The evening began with an introduction from Manchester 2020 Chairperson Brian Keefe. He spoke to the nearly-full cafeteria at Burr and Burton, thanking the community for coming out and introducing the four chairpersons of the task forces.
"I promised all these chairs that they would get a lot of support from people, and that their job is not to do all the work," said Keefe of the role of the Community Chairs. "Their job is not to do all the thinking, that they are to lead the teams."
Following a short address from Paul Costello, the executive director of the Vermont Council on Rural Development, which helped organize the "Community Visit," the crowd broke into its smaller four task forces.
John Muise, Regional Coordinator the USDA Rural Development, Peter Espenshade, the Vice President for Community Philanthropy at Vermont Community Foundation, and Richard Amore, from the Agency of Commerce and Community Development, help facilitate the Riverwalk Task Force, the largest task force of the evening.
The group is being led by Bill Laberge, a local furniture maker. He has already spoken to some adjoining property owners, and while they will not be able to utilize the land on which the bowling alley sits, other surrounding property owners were "more than delighted" to work with them.
The next steps involve deciding on a governing body and ownership of the committee and the Riverwalk itself. Then, defining their design and vision, analyzing the existing structures and land, and identifying partnerships and stakeholders.

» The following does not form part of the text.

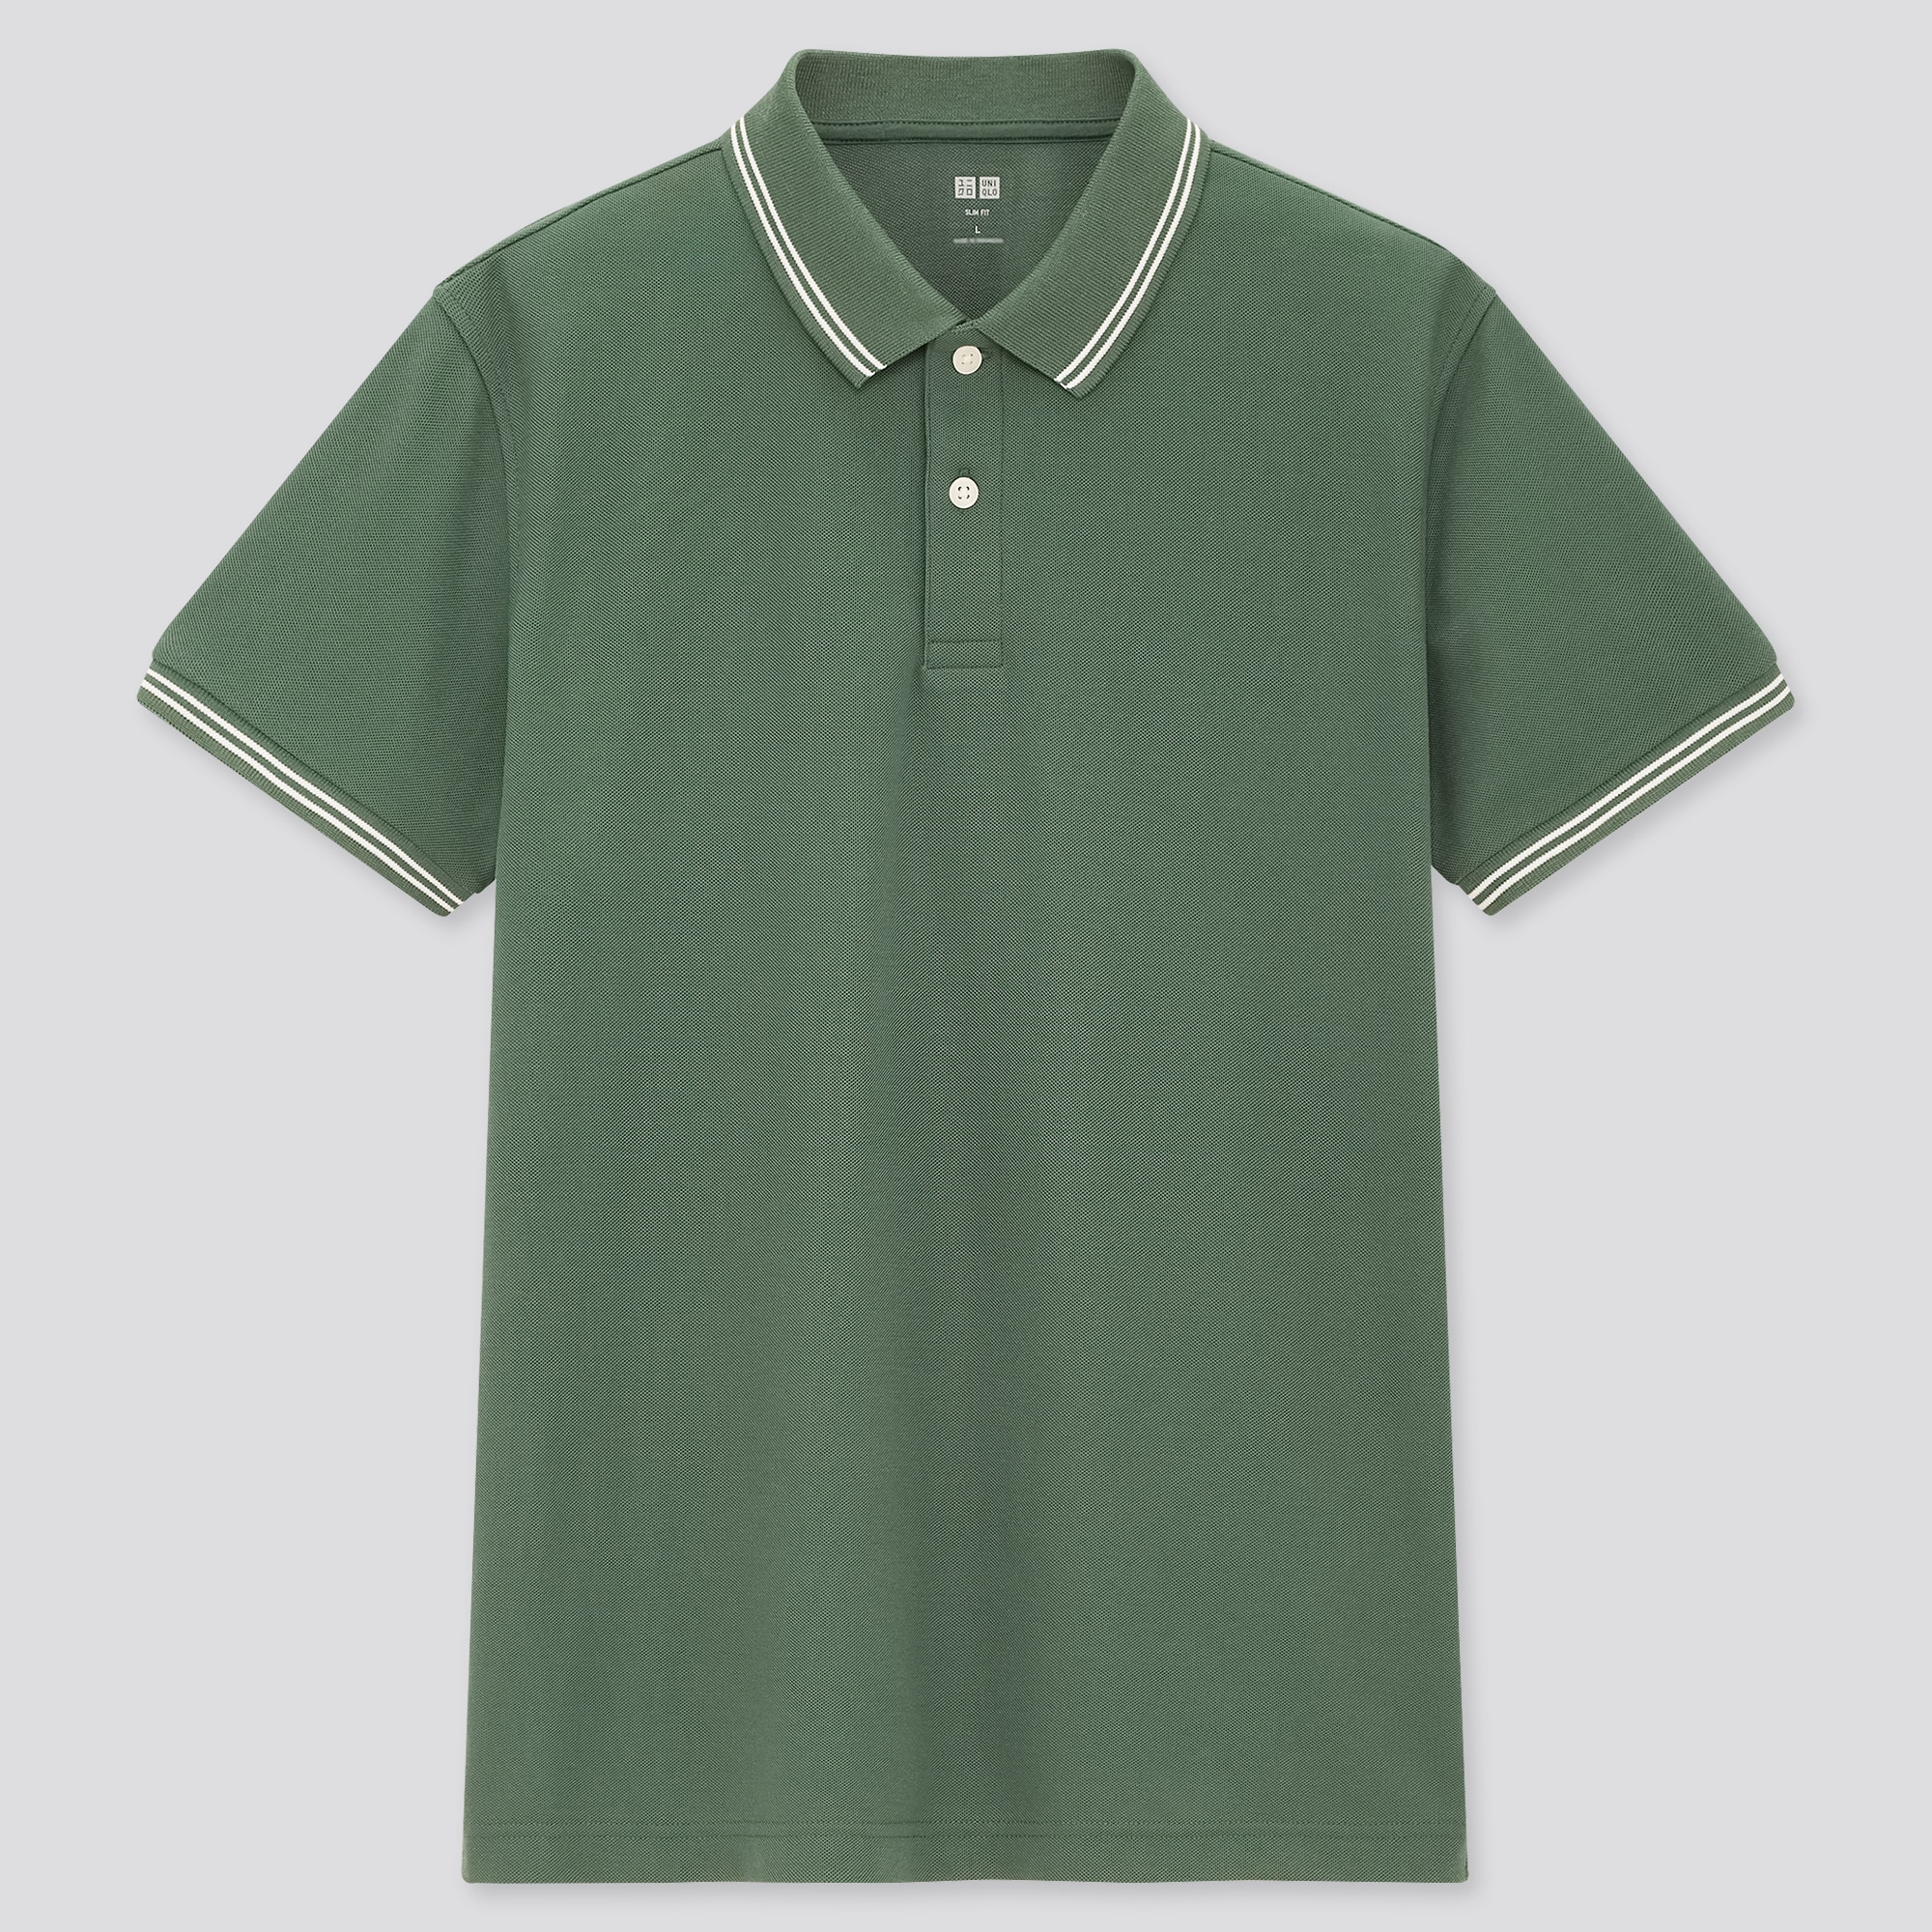 Uniqlo mens dry pique short sleeve polo shirt dark green Mens Fashion  Tops  Sets Tshirts  Polo Shirts on Carousell

Down the hallway, the higher education task force was meeting. Costello served as community chair in Hyatt's absence. The group was fired up and passionate about their topic, throwing ideas and visions out in rapid succession.
Their main focus during the meeting was on what kind of education they wanted to provide at their potential place of higher learning. Some members thought that they should cater to what the businesses in Manchester would need, or what would best fit into the community.
However, others thought that the proposed school should pave the way for a new kind of learning in the community, to perhaps make a school that would draw others into Manchester for things that are not available in the other area schools.
They settled the discussion by proposing an action step that involved surveying the surrounding businesses and schools to determine exactly what students and business owners would want out of an institute of higher learning.
About 20 people attended the break-out session for the task force interested in forming a committee around helping develop a business incubator.
The incubator would in theory be a building somewhere in the downtown core area of Manchester, configured to allow for a variety of different types of possible small and creative businesses. Such businesses might include those broadly defined as in the arts, technology, manufacturing or food products or food services, according to a printed description of the task force circulated before the meeting.
The idea would involve providing some common, shared space and business infrastructure, solo entrepreneurs, or small groups of them, might be able to launch products and services without being crushed by excessive overhead costs - such as rent - that would throttle their initiatives before they gain market acceptance. The incubator could seed next-generation business development in downtown Manchester and attract young creative entrepreneurs and their families to the area, the document stated.
The group's discussion was led by Patricia Coates, who is the state director for congressman Peter Welch. The task force chairman is John Conte, a marketing and communications specialist with the Temblor Creative Group.
In its 90 minute discussion, the group explored the issues around decide what types of services the incubator should provide and identifying how it might connect with businesspeople who might be interested in growing their business through affiliating with such as incubator.
The group heard from Chuck Colvin of Poultney, who ran a printing company there for 40 years and then converted his building into an incubator space which has been highly successful, he said.
Next door on the second floor of the Rowland Center, another group interested in sparking interest around developing the area around becoming a center for biking also explored the issues involved in that. Their group selected Ellen Ecker Ogden as the chairwoman, and was facilitated by Greg Brown, a former director of the Chittenden County Regional Planning Commission.
A task force advancing Manchester as a biking center could also create a major bike path linking the downtown and the village with destination points in Manchester and other regional town centers, according to the description of the meeting handed out before the task force convened. The group developed several "action items" for further discussion at its next meeting, which included things like placing bike racks in strategic locations, developing a bike share system and other local infrastructure to support biking.
By 8 p.m., all of the Task Forces had convened back in the cafeteria to present their action plans to the other groups. Every group mentioned in their plans and discussions the idea of communicating with the other Task Forces to try and combine certain aspects of their plans. The Riverwalk group suggested connecting the Biking Destination's routes into their plans, and the Higher Education group considered discussing with the Small Business Incubators to find a correlation between what majors and what businesses they want to attract.
A final report summarizing the discussions over the course of the three month- long Community Visit is in the works and will be submitted soon, Costello said as the meeting closed.